12/03/10
Ancona - Missione compiuta. Erano in programma due scontri diretti con altrettante squadre pericolanti, Offagna e Selci Pg, e, per sperare ancora, era necessario fare bottino pieno. La Siem, confermando le buone sensazioni rivenienti dalle partite con San Benedetto e Grosseto, ancorchè perse, ha fatto l’en plein vincendo prima in casa nel derby, poi sbancando, sempre col massimo scarto, il campo dell’insidioso Selci Perugia.
Ora non bisogna fermarsi e continuare con lo stesso piglio contro l’avversaria di turno, quella Bacci Mazzoli Firenze che, all’andata non lasciò scampo ai dorici sul terreno amico. La formazione toscana, che naviga in acque tranquille della media classifica, schiera giocatori fisicamente superiori ai dorici e tecnicamente di buon livello, per cui occorrerà battersi con le armi proprie di chi deve salvarsi: cuore, compattezza, difesa e servizio. Fuori casa i toscani hanno vinto quasi tutte le partite con le squadre di bassa classifica, per cui sono temibilissimi, ma non imbattibili per l’attuale Siem.

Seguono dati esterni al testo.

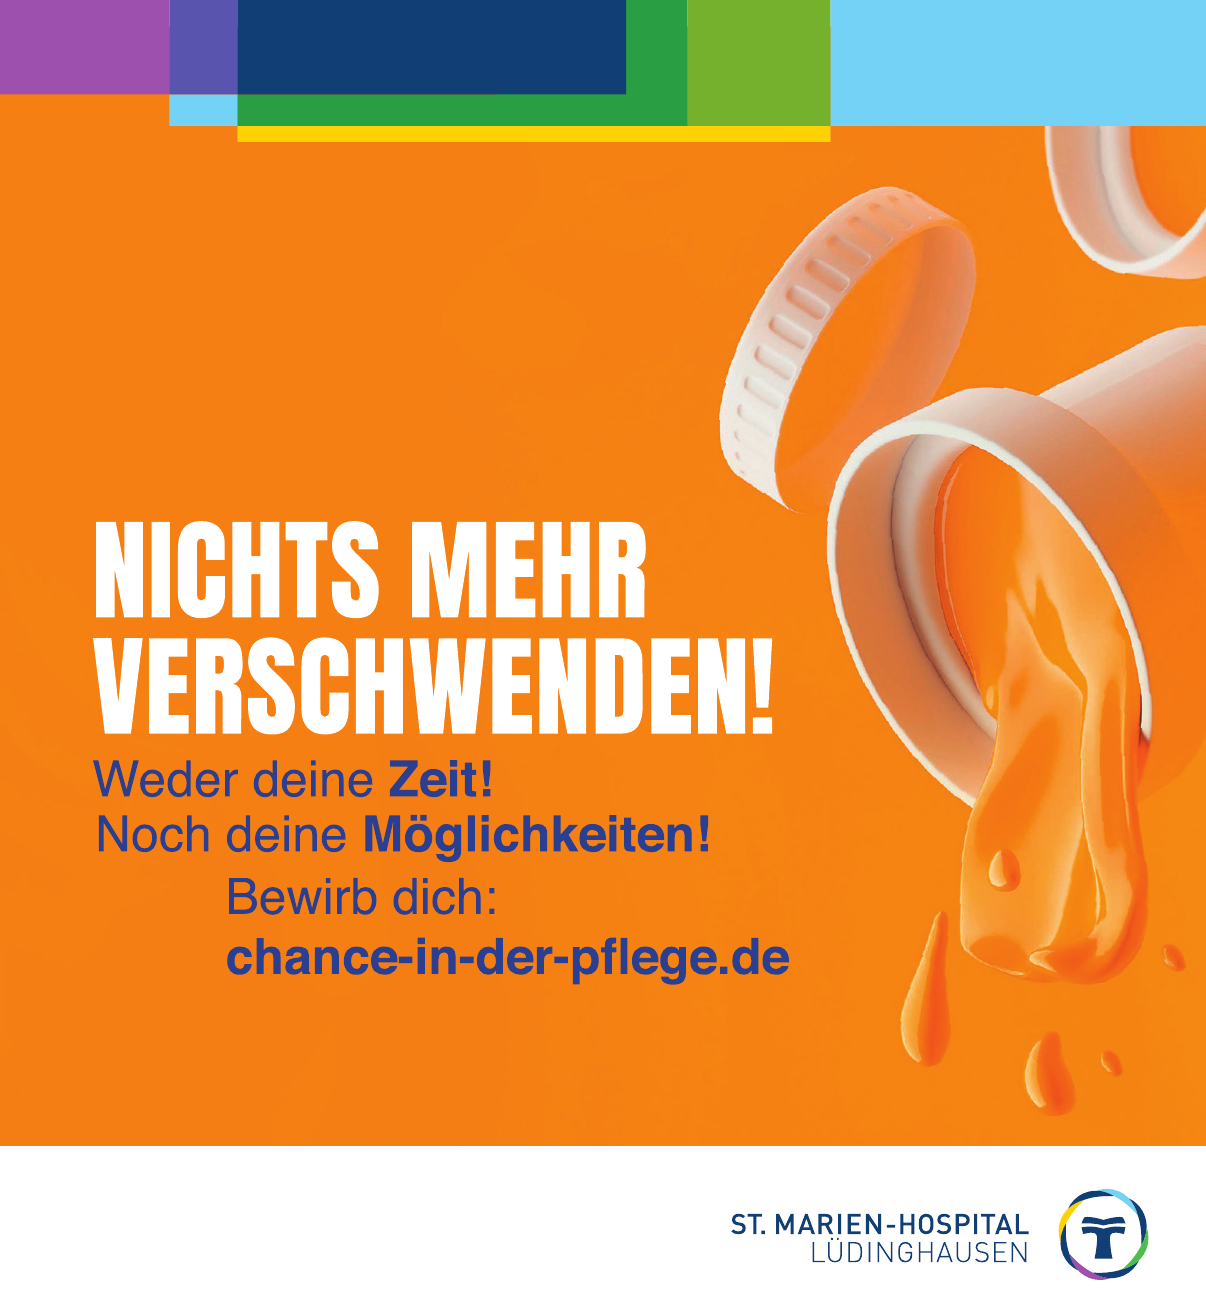 St. Marien-Hospital Lüdinghausen GmbH
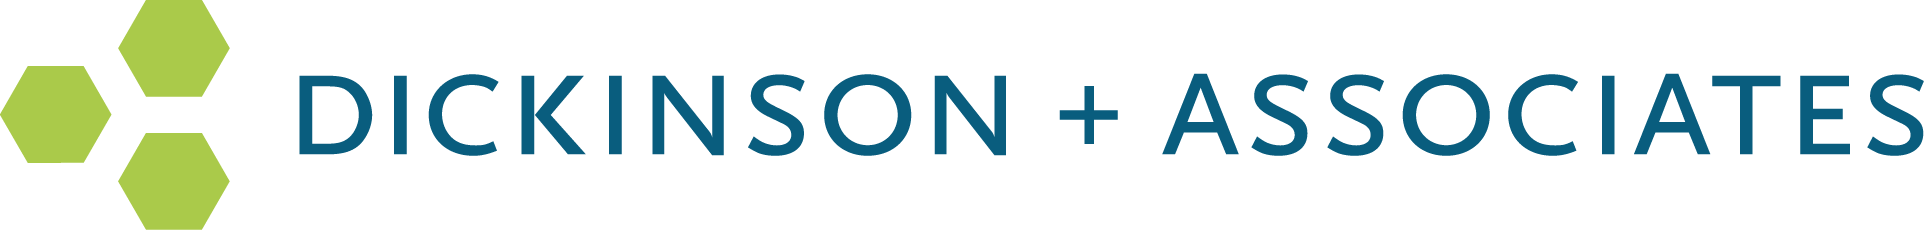 Dickinson + Associates Logo

I ragazzi di Sciati, pur con le consuete e perduranti, nonché deprecabili, assenze settimanali dovranno cercare la vittoria a tutti i costi, anche per non vanificare la ‘doppietta’ appena realizzata. In casa, sperando anche nell’aiuto del pubblico, finalmente partecipe come nell’ultimo derby con Offagna, i dorici dovranno cercare di realizzare la difficile, ma non impossibile impresa di risalire la china. La frattura in tre tronconi della classifica che vede staccarsi nettamente le prime tre (S.Benedetto, Jesi e Grosseto), sul quartetto ( da 34 a 27 punti) delle tre fiorentine ed il Pisa, ed il gruppone che va dai 23 punti del Prato fino ai 15 del Selci, potrebbe produrre risultati extra pronostico, soprattutto negli incontri che vedranno il confronto tra squadre tranquille ed altre con assillo di classifica, per cui le motivazioni dei giocatori saranno elemento catalizzatore dei risultati. Noi, ovviamente, speriamo che Nutricato, Dusmet e c. tengano altissima la tensione e vogliano giocarsela fino all’ultimo pallone dell’ultimo set, contro qualsiasi avversario, tenendo ben presente che nel computo finale conteranno, e non poco, anche i set vinti e quelli persi. Dall’incontro di questa sera avremo i primi riscontri, ed il nostro augurio è che i ragazzi giochino senza complessi d’inferiorità precostituiti e consci dei propri mezzi e della forza di un gruppo compatto che getterà in campo tutto se stesso.